As We See It

Your driveway’s no longer safe from Big Brother—and his GPS

It’s 10 o’clock. Do you know where your kids are? No? Well, maybe Uncle Sam does.

The U.S. Court of Appeals for the Ninth Circuit—the one in California that conservative pundits always complain about—says it’s okay for the government to sneak onto your driveway at night and secretly attach a GPS monitoring device to your car. No warrant, no warning required.

Well, Las Vegans, hold onto your hats (before they get tagged); Nevada is part of the Ninth Circuit, which means the ruling applies to us, too.

The case began in 2007, when the DEA suspected Juan Pineda-Moreno was part of a marijuana-growing operation.

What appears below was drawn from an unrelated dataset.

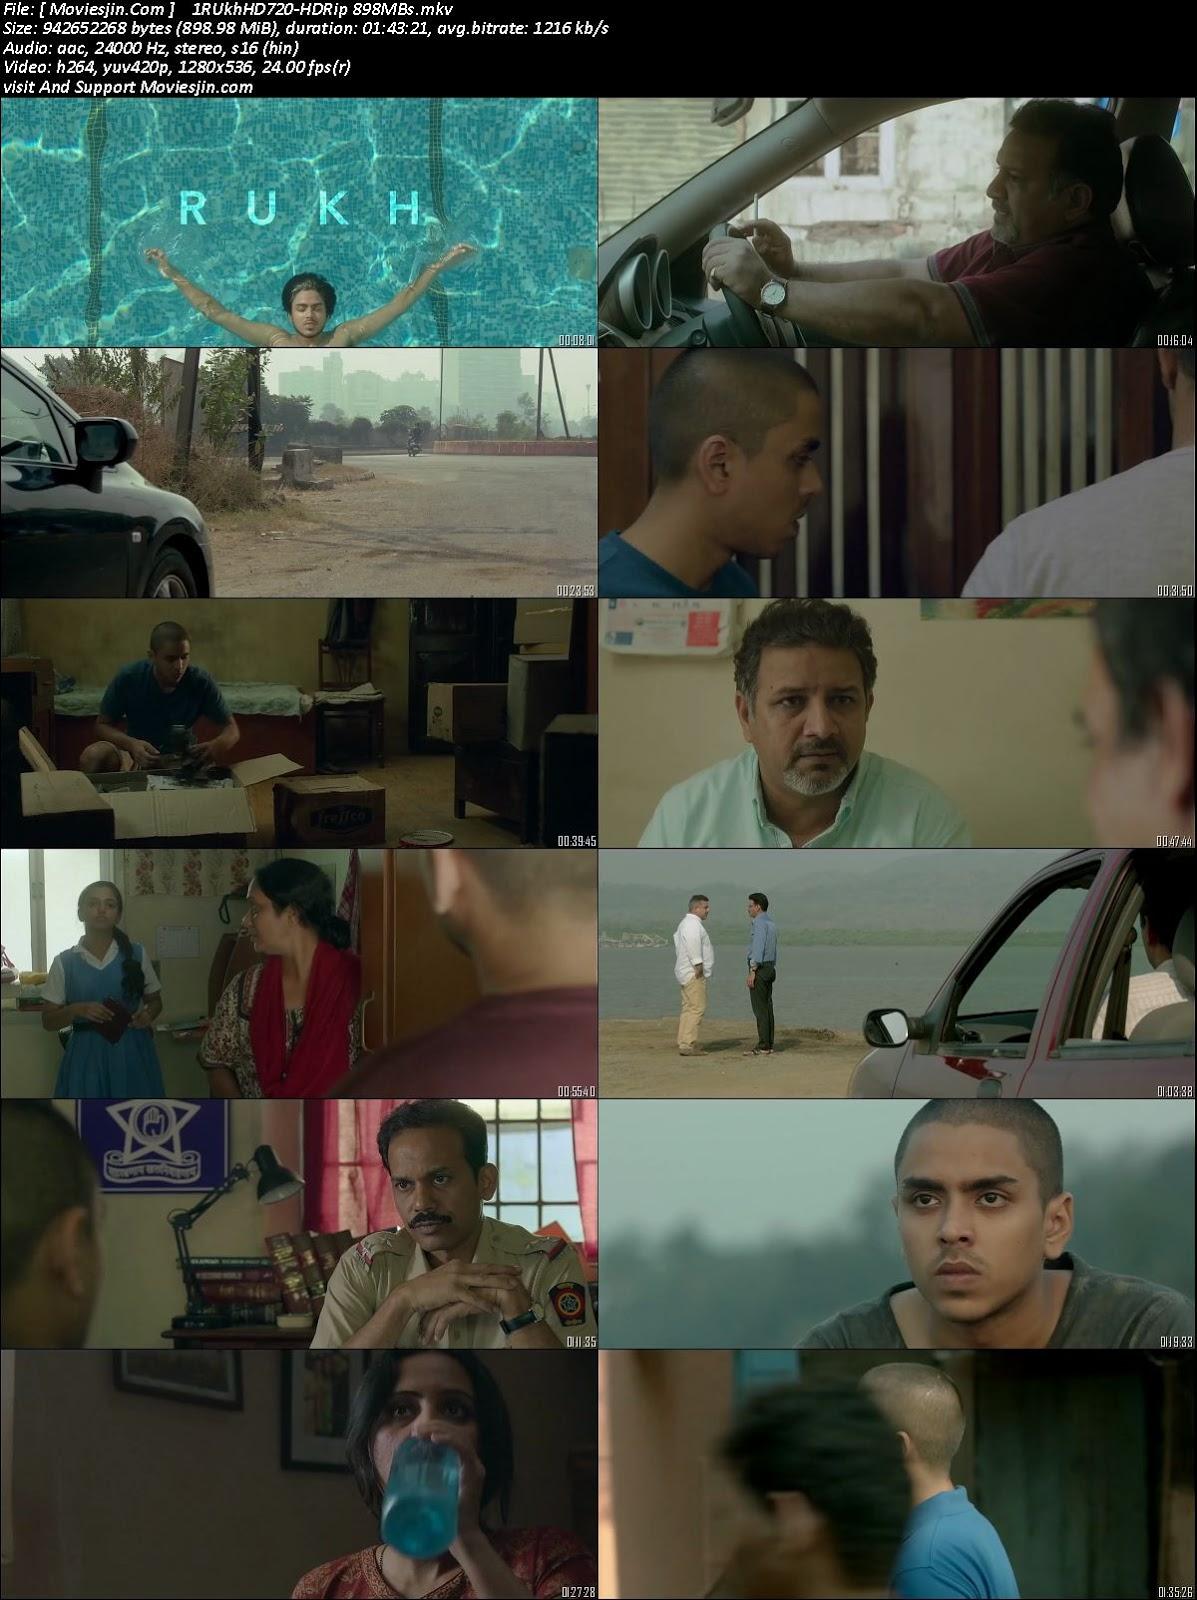 Watch Online Rukh 2017 HDRip 900MB Full Hindi Movie 720p ESub Full Movie Download Khatrimaza, free download 9xmovies,
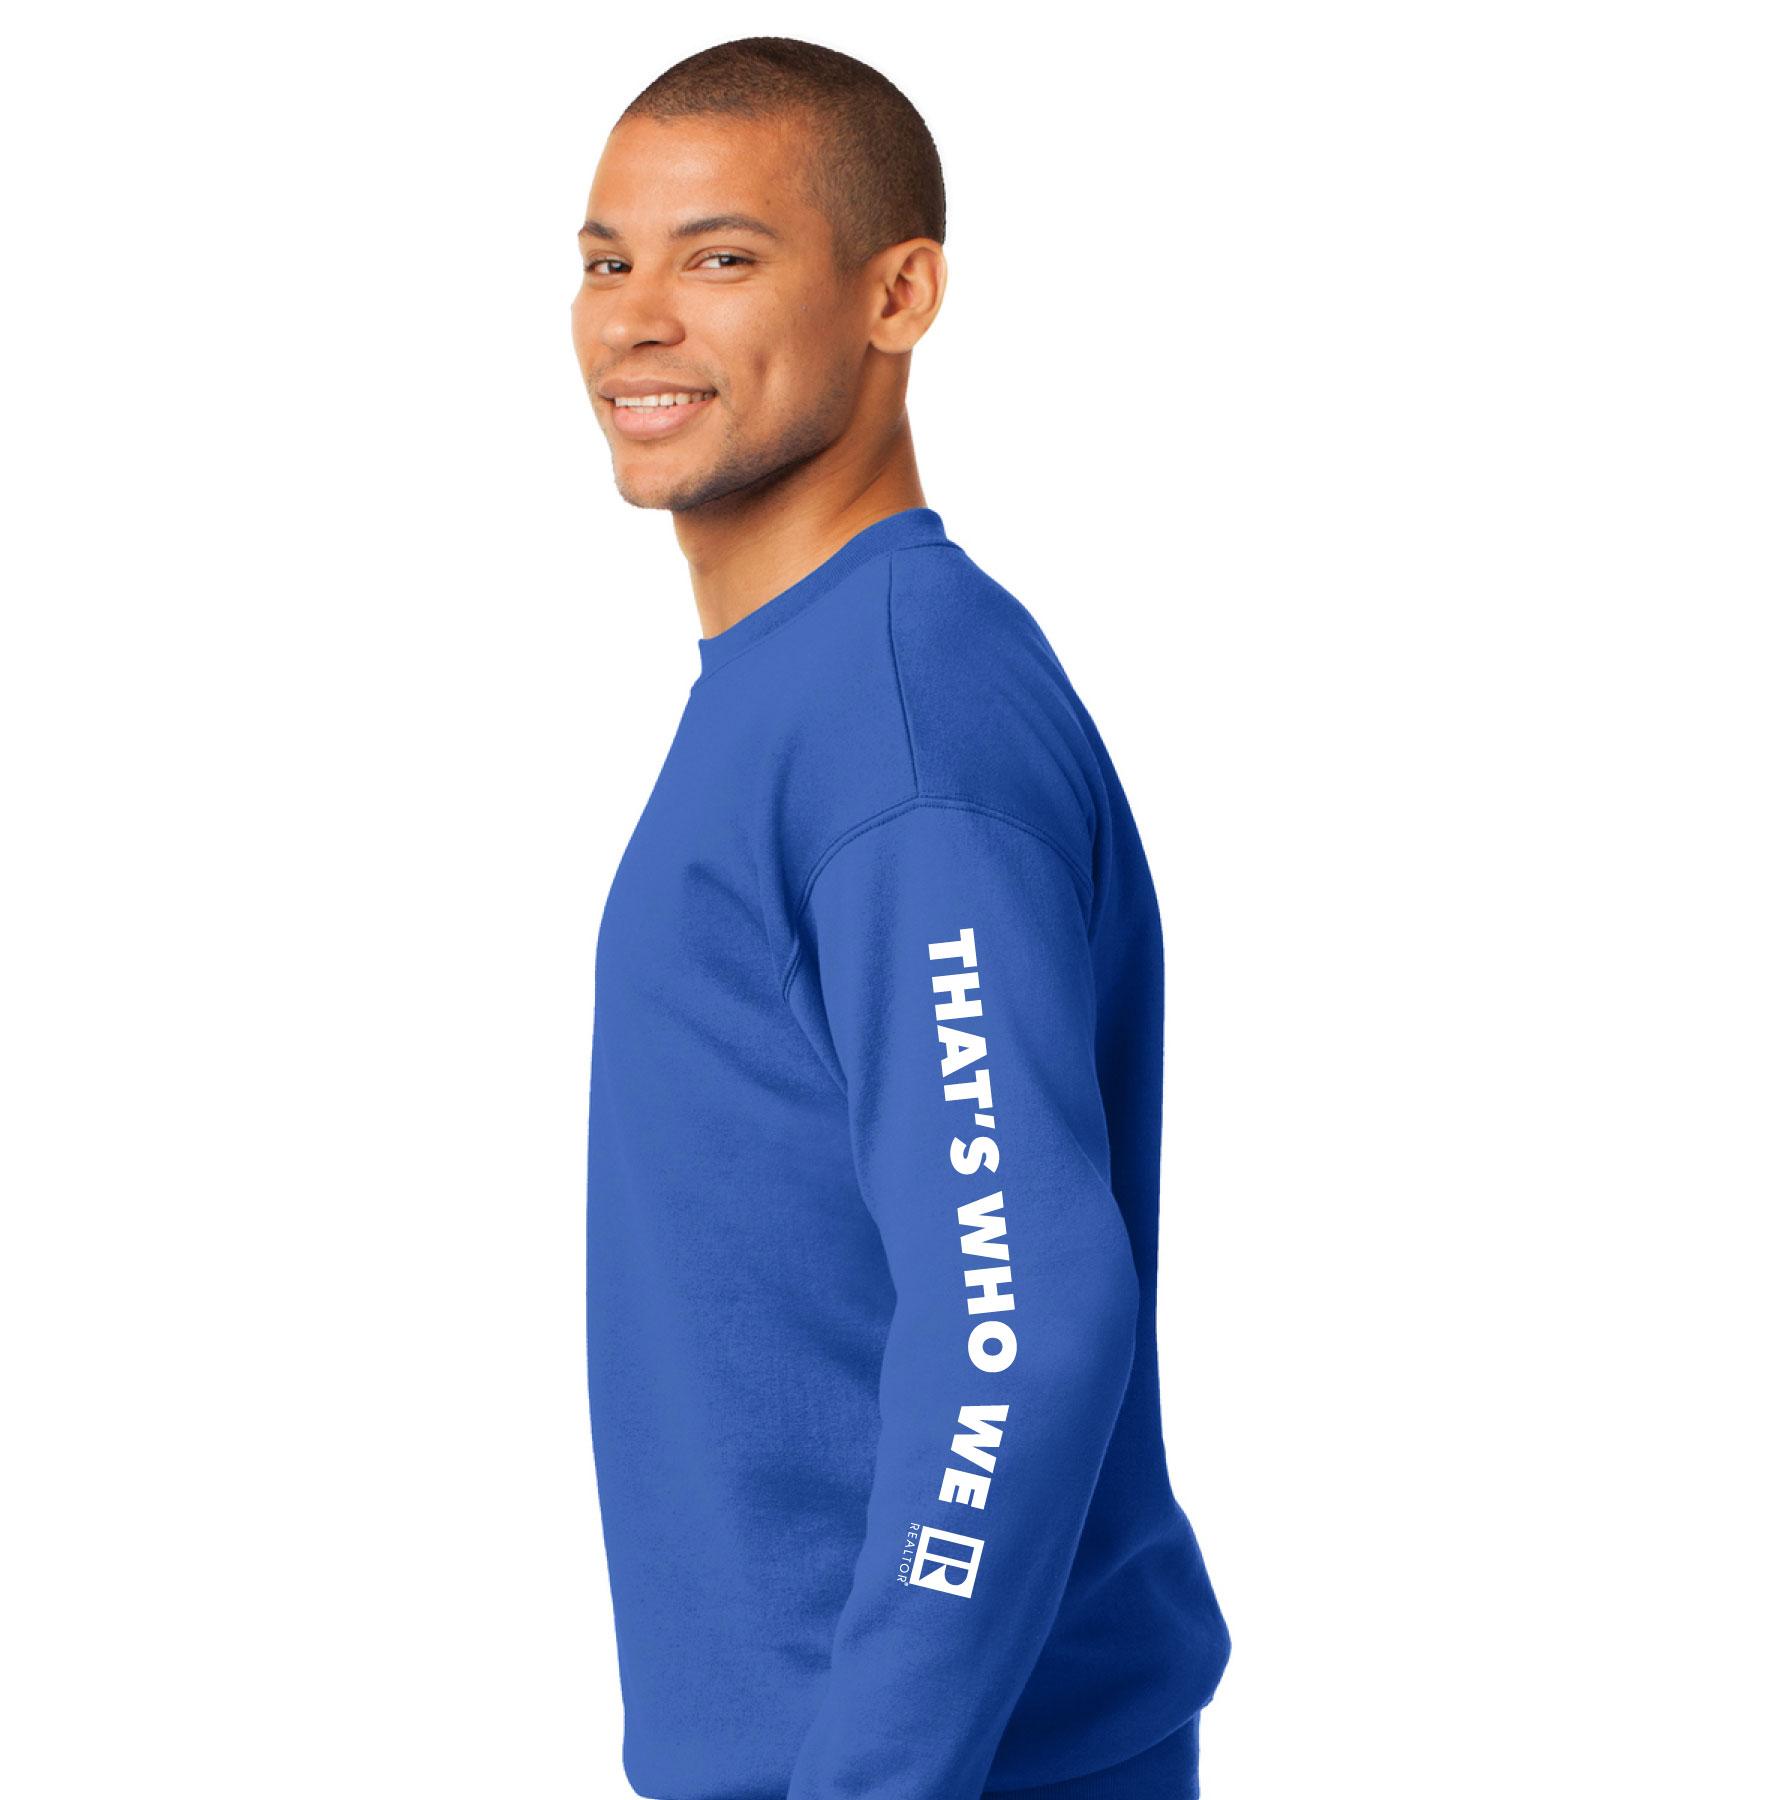 Fair Housing Crewneck Sweatshirt - FH1003

Agents snuck onto Pineda-Moreno’s driveway and tagged his Jeep with a tracking device. For the next four months, the agents followed Pineda-Moreno’s whereabouts—then they used that information to indict him.

The court’s majority opinion said Pineda-Moreno had no reasonable expectation of privacy in his driveway. Chief Judge Alex Kozinski’s dissenting opinion predictably/appropriately evoked Orwell: “1984 may have come a bit later than predicted, but it’s here at last.”

What does this mean for you? It means that if you don’t want the federal government coming onto your driveway at night, put up a fence or a “No Trespassing” sign. Do something that makes clear, in no uncertain terms, that you expect your private property to remain private.

Or just park your car in the garage.